Patient positioned on a phase II prototype iteration and ready for CT-scanning.
Close-up of the latest prototype iteration.
Phase III prototype iteration positioned on the treatment machine.
Collection of sketches throughout the project.
A breastboard is a device used for radiotherapy of breast cancer. Currently available devices have several limitations and are very uncomfortable. This new design ensures better comfort, patient positioning and beam access, which improves medical performance.
Prone radiotherapy allows decreasing skin toxicity, lowers the risk of lung cancer induction and cardiac damage compared to supine treatment. The currently available prone breast boards are suited for breast irradiation but not for lymph node irradiation because device parts which support the patient restricts favourable beam paths. Seeing this project, I had a strong interest of designing something that could help women with breast cancer. Improving comfort, helping people, making the treatment less painful and establishing a treatment solution with better prognosis and medical results were the biggest design challenges that motivated me.

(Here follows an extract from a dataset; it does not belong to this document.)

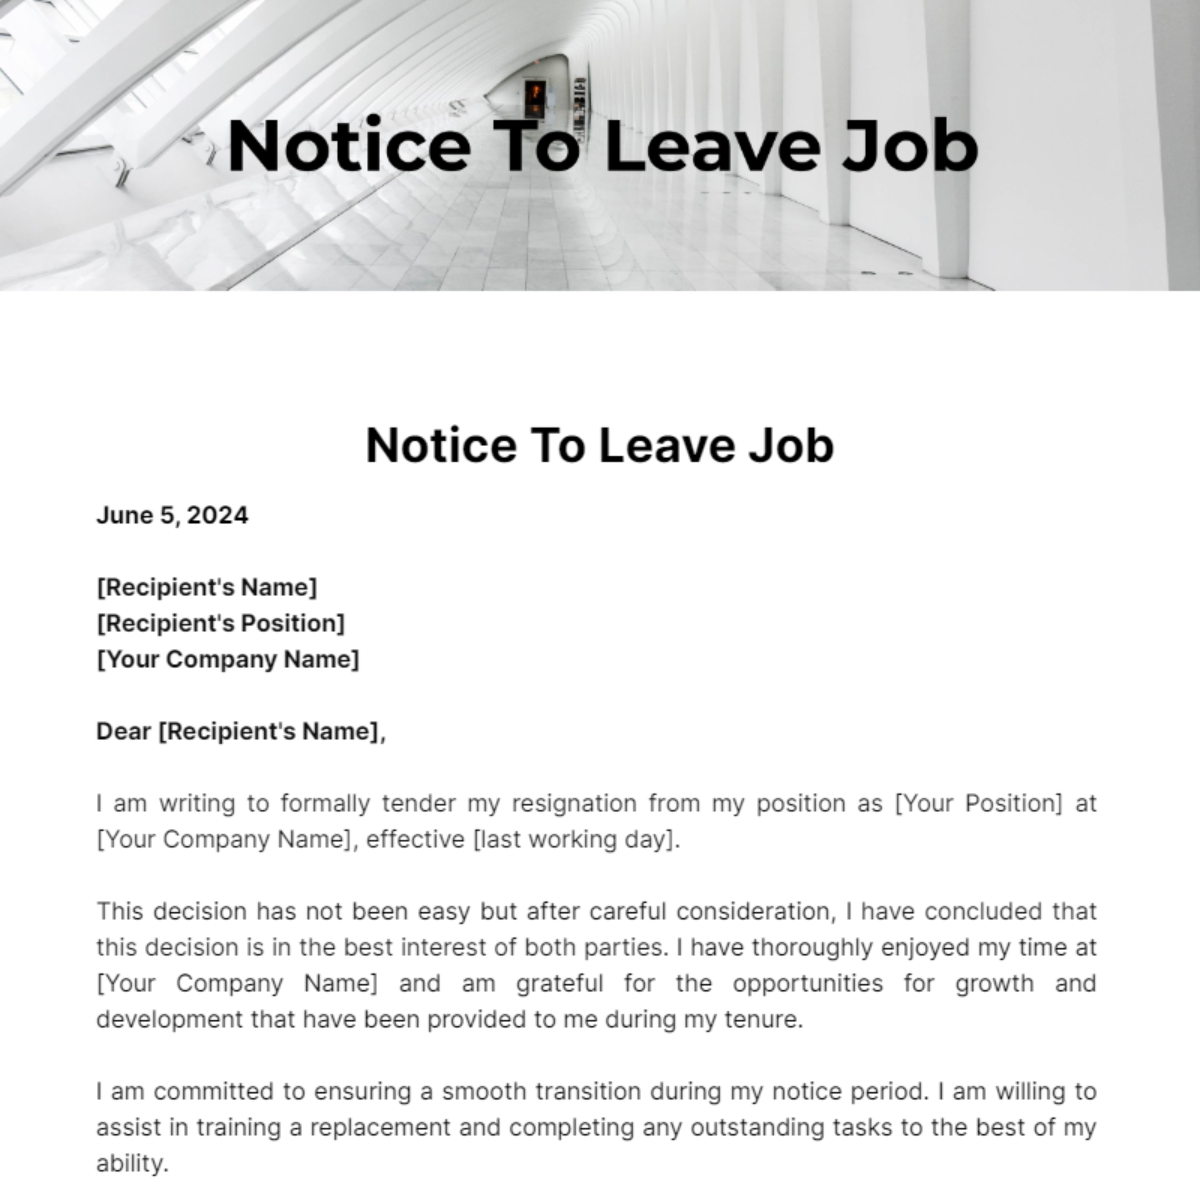 Notice To Leave Job Template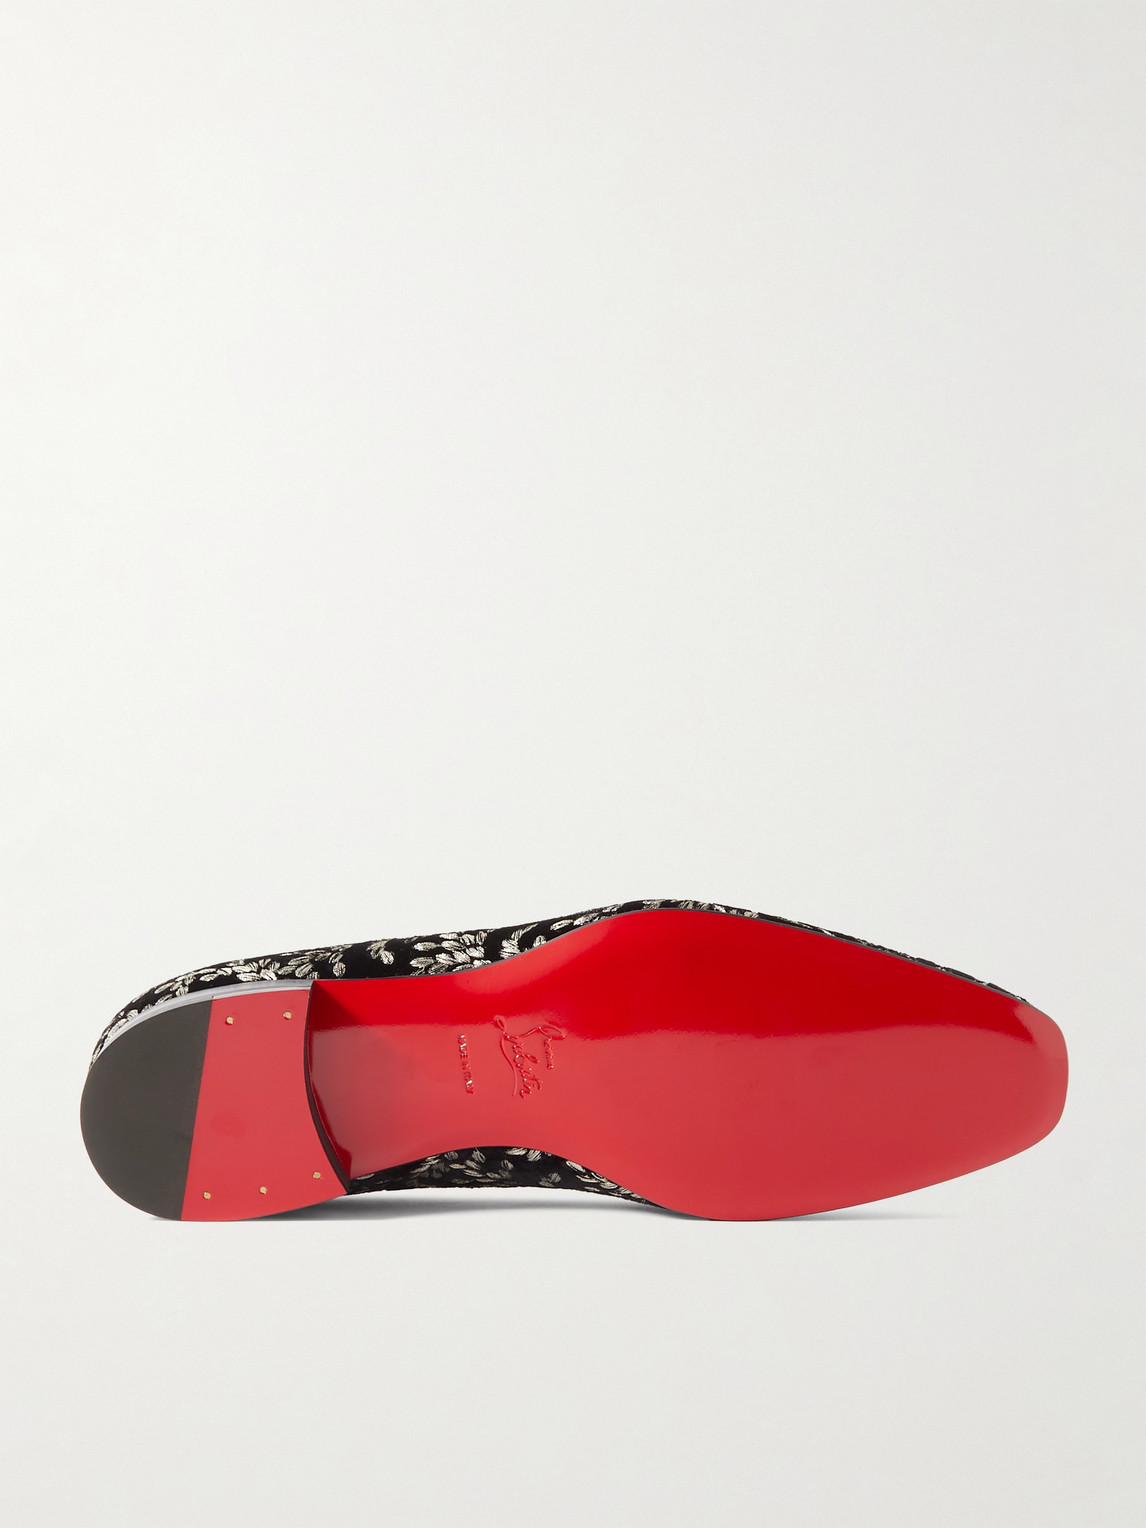 Shop Christian Louboutin Dandy Chick Grosgrain-trimmed Embroidered Velour Loafers In Black

Prone radiotherapy allows decreasing acute toxicity cosmetic changes and lowers the risk of lung cancer induction and cardiac damage compared to supine treatment. Some commercially available breast boards may be suited for breast and lymph node irradiation, But the devices have several limitations: restricted beam access range for breast and lymph nodes because the treatment couch components and patient position are in the entrance trajectories of favourable beams paths, reduced precision, pain and discomfort. The new device and prone crawl position (patient positioned with the arm at the treated side alongside the body and the arm at the contralateral side above the head resembling a phase of crawl swimming), results in a stable, natural and comfortable patient position. With this device, we are able to treat both breast and lymph nodes in prone position, with improved precision, better dose distribution and sparing of vital organs such as heart and lungs.
Phase I: Basic parameters of the device were determined to obtain the new crawl position. Low-Fi prototypes were produced with inferior materials and basic skills. Volunteer user comfort tests were executed on a small scale. CT-scanned cadavers were used for beam access optimisation. Phase II: More advanced prototypes were produced with integration of previous adjustments. Derived from phase I, a mould was produced for resin infusion moulding of a fibreglass structure. Prototypes were modular constructed and each part could be adjusted and indexed. Instead of developing a new prototype for each iteration, specific parts were redesigned, tested and integrated. In this phase, the use of more durable materials and advanced prototyping techniques were applied since they needed to be functional, accurate and tested in real environment. A small comparative study was performed comparing the prototype with the standard supine breast board at our centre. Phase III: Based on phase II prototype, a CAD-model was derived and optimised. PU-Moulds were CNC-milled for production of high fidelity, fibreglass prototypes with durable and structural materials. Small iterations were performed and sub-parts were improved. 4 prototypes were produced and used for a clinical trial (n=40 patients).
With the new prone crawl patient position and support device, we are able to treat both whole breast irradiation and lymph nodes in prone crawl position. Until now, no other known device was able to do this. Furthermore, by integrating every stakeholder early in the design process, we improved both patient comfort and medical performance. The medical results were improved for: set-up precision, better sparing of vital organs such as heart, lungs, thyroid, contralateral breast; more homogeneous dose distribution to the to be treated area. The device enables us to position patients by means of a floor laser system, which improves patient set-up accuracy.
During the next phase, we want to develop a small series of fully working prototypes, which can be used for a big clinical trial involving 3 hospitals. Our future plans are to redesign the prototype and support structure to make it lighter and stiffer (weight reduction for handling and accuracy improvements for treatment). Additionally, we want to make it MRI compatible, so no ferro metals will be allowed in the design. Finally, we want to upgrade the head support module with the integration of a non-invasive ventilation module, which improves treatment results.
I received the faculty's 2015 Best master thesis award. - I received an Emmanuel van der Schueren research fund (kom op tegen Kanker- Belgian NGO for cancer treatment, care, and research). - I received a Best Poster Award (15th research symposium, from Faculty of Engineering and Architecture).